The literature curation and data recording procedures have remained unchanged over the past four years. First, queries are sent to the PubMed database (http://www.ncbi.nlm.nih.gov/entrez/query.fcgi?db=PubMed) for publications related to ‘RNAi’ and ‘siRNA’. Then, the abstracts of the publications are screened, and the full text articles likely to contain information about RNAi gene silencing experiments are retrieved and further examined.
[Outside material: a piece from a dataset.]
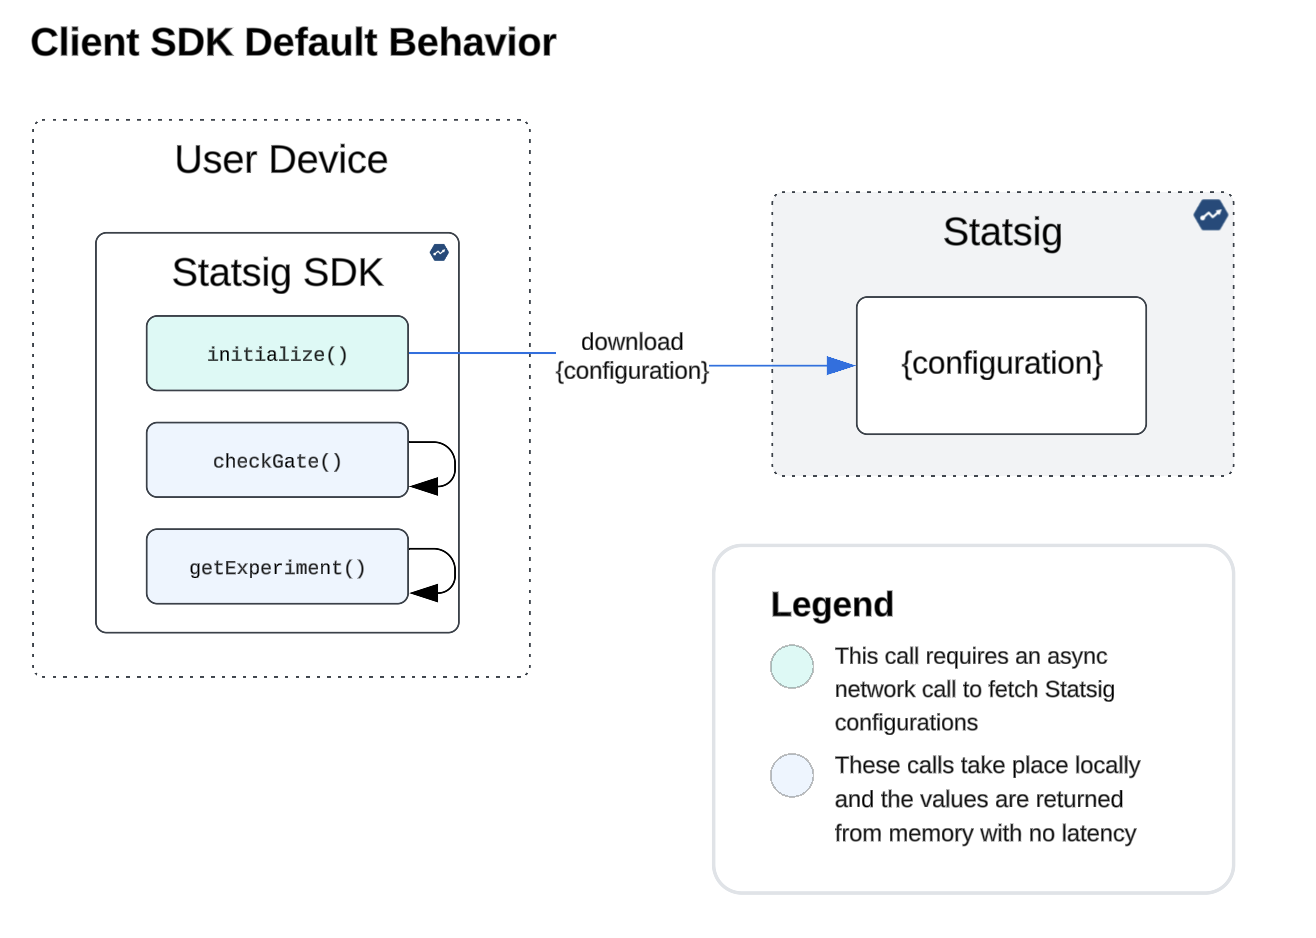 client SDK default behavior

Next, for each article containing descriptions of RNAi experiments, the siRNA sequences, the target genes and other key information about experimental conditions are recorded. This information includes: the cells or tissues in which the RNAi experiments were conducted, the forms of the siRNA agents—chemically synthesized oligos or vector transfected shRNAs, and the methods applied in testing the efficacy of the siRNAs—western blot, RT–PCR or others. The siRNA sequences are aligned with the mRNA sequences of the target genes using bl2seq (http://www.ncbi.nlm.nih.gov/blast/bl2seq/wblast2.cgi), and the aligned sequences are recorded.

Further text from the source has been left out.